ハマダラカの一種Anopheles stephensi
靴下から滲み出た血に集まる蝶

吸血動物(きゅうけつどうぶつ、英語:hematophagy、haematophagy、hematophagia)は、人間や動物の血液を吸う動物。生存のために主に血液のみを摂取するものと、生存のための主食は別にありながら産卵に際して卵巣を発達させるためにときおり血液を吸うものがある。

ヒトを攻撃するものの中にも、ヒトのみを襲うもの、広くは哺乳類を襲うが、その一つとしてヒトも襲うもの、偶発的に人を攻撃するものがある。前者については人間の居住環境の中に生息地を持つものが多い。環境によって生息域がある程度限定されている種が多いものの完全な対策は難しいことが多い。また、幅広く分布する種については対策がより困難になる。後者についてはそのような地域に入る時に注意することが対策に繋がるものの、ペットや家畜の世話など日頃から対策を講じる必要がある場合もある。

概説[編集]

血液は栄養に富む上、哺乳類等の体より大量に入手できることから、血液を栄養源として利用する動物は多い。本項にて解説するものはあくまで外部より対象の血液を摂取し栄養源とする部類の生物である。血液中に生息する寄生生物や肉食性の動物も血液から栄養を摂取していると言えるが、それらは本項では扱わない。

吸血性とは獲物の体表面にストローのような針状の口を刺しこんで血を吸うか、噛み切るなど皮膚を傷つけて出てきた血を摂取するものを指す。痛みを感じない場合も少なくないが血液は血管を傷つけると固まってしまい吸い出せなくなることから、これを阻止する化学物質を注入することが多い。この凝固を抑える成分に対するアレルギー反応等でその部位に痒みや腫れを引き起こす。
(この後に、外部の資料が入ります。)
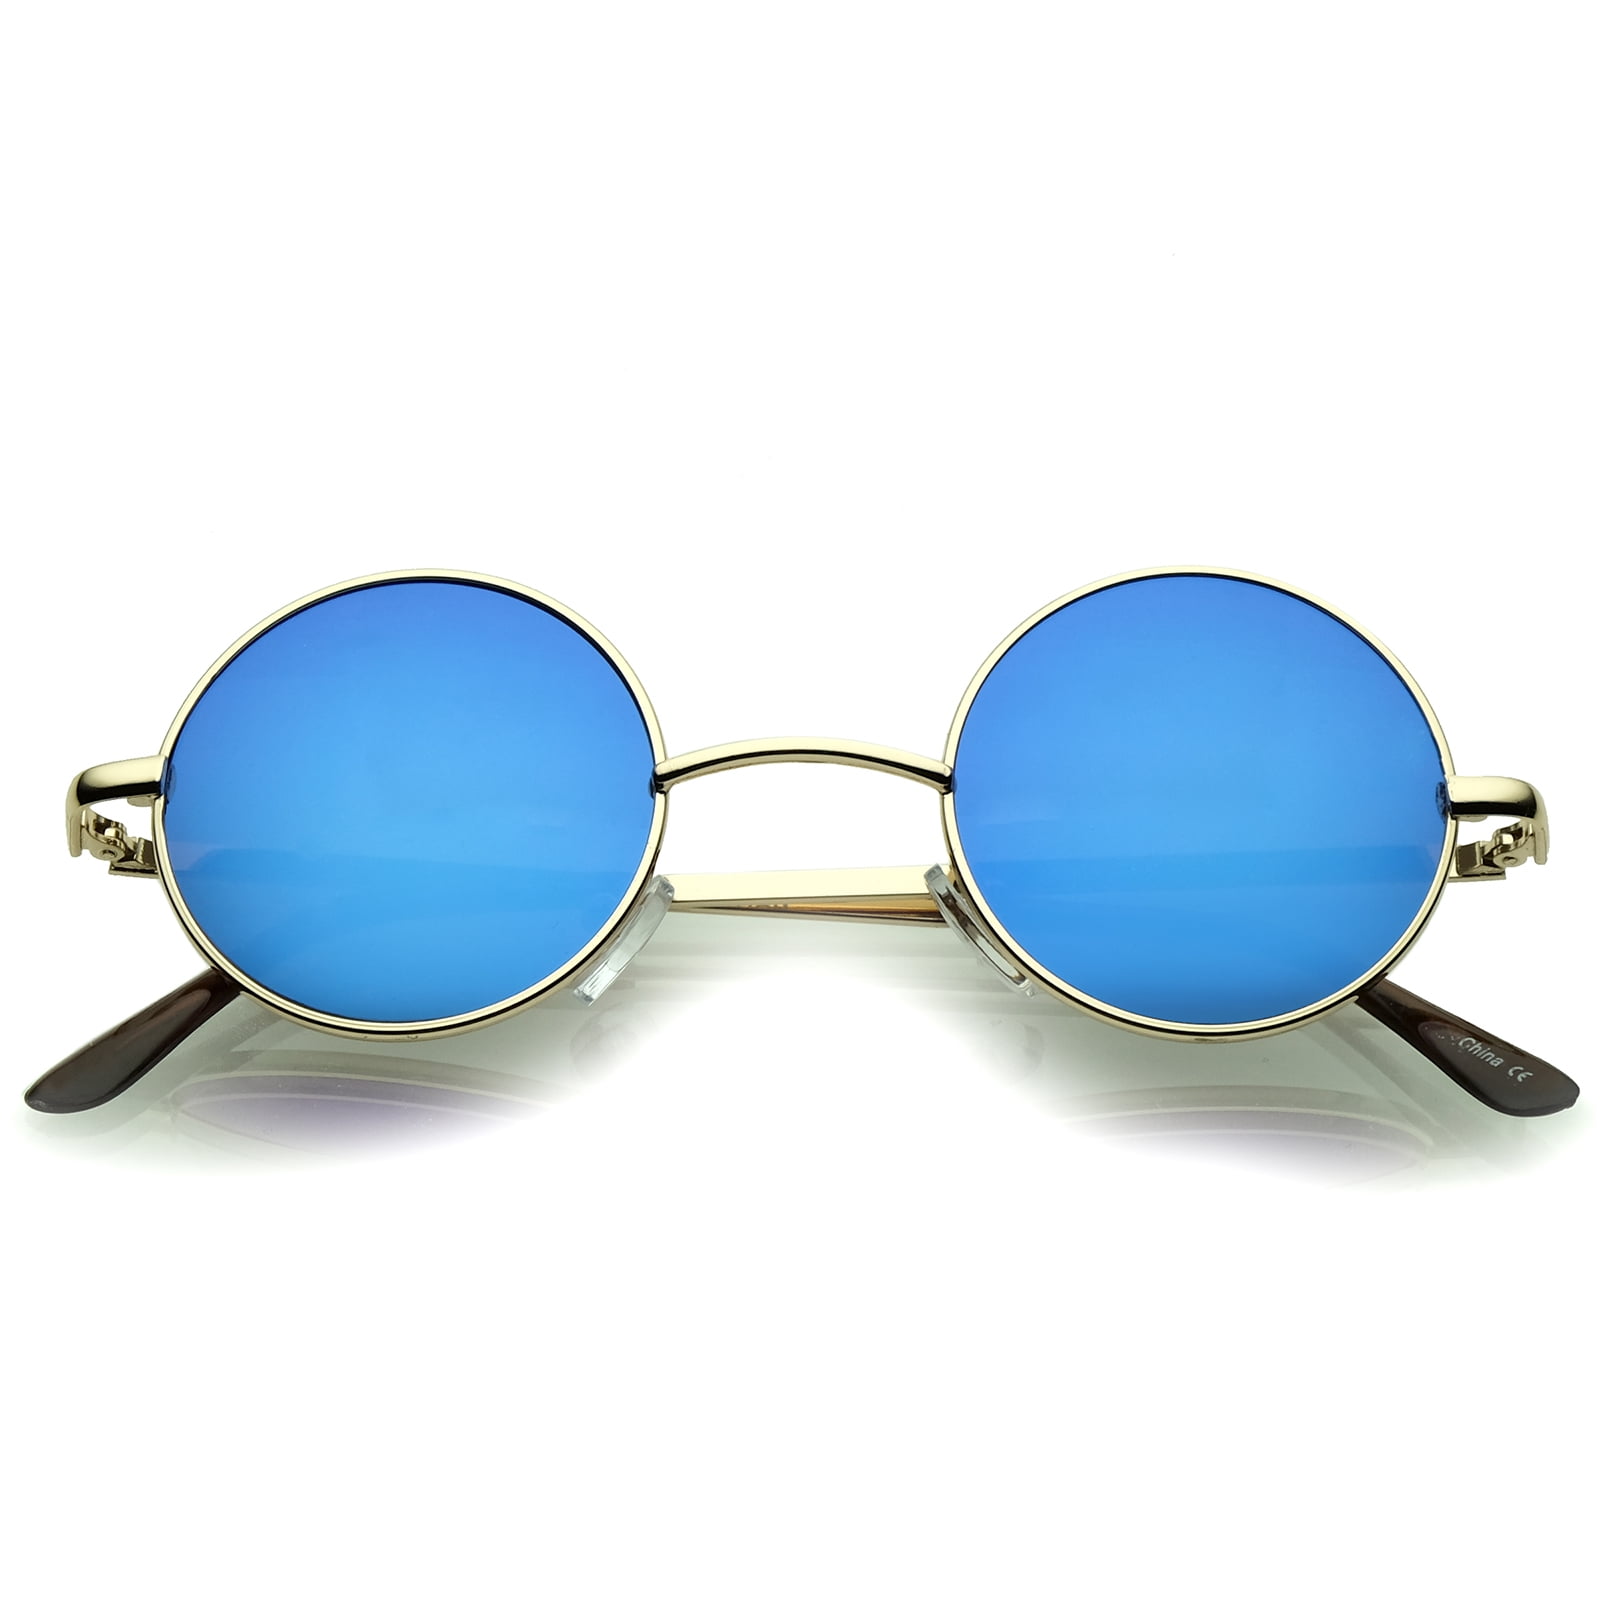 Sunglassla Unisex Small Retro Lennon Inspired Style Colored Mirror Lens Round Metal Sunglasses

寄生生物から見れば、吸血動物は血液を吸ってその種の動物個体間を移動することから、宿主間移動のための手段として利用できる。そのため、吸血動物を介して感染する寄生生物は少なくない。それが病原体の場合、吸血動物を介して感染が広がるので、そのような吸血動物をベクターという。は熱帯地方でマラリアなど多くの伝染病のベクターといえる。このような観点からも、吸血性昆虫を一般に衛生害虫のひとつとされている。

生活の型[編集]

血を吸う動物には、攻撃対象の動物のすぐそばに常駐するものと、離れた場所にいて、攻撃対象を探してやってくるものがある。例えばカやアブは前者である。後者にもいくつかの型があり、トコジラミは人家や動物の巣内にいて、その動物がそこに戻ってきたときに吸血のために接近する。ノミシラミは常に動物の体表にいて、必要に応じて吸血する。さらにマダニの場合には体表上で口吻を皮膚に突き刺して固着する。ノミやシラミ、マダニのような型は外部寄生虫といわれる。スナノミでは雌は皮膚に固着すると、次第に皮膚に覆われて内部寄生的になる。完全に体腔や血管中に侵入するような寄生虫については吸血動物とは基本的に言われない。因みにタガメも吸血していると思われがちだが、体外消化といって、口吻内に収納された口針を伸ばして消化液を注入し、液状となった肉質を吸収しているため、血液だけを吸っているわけではない。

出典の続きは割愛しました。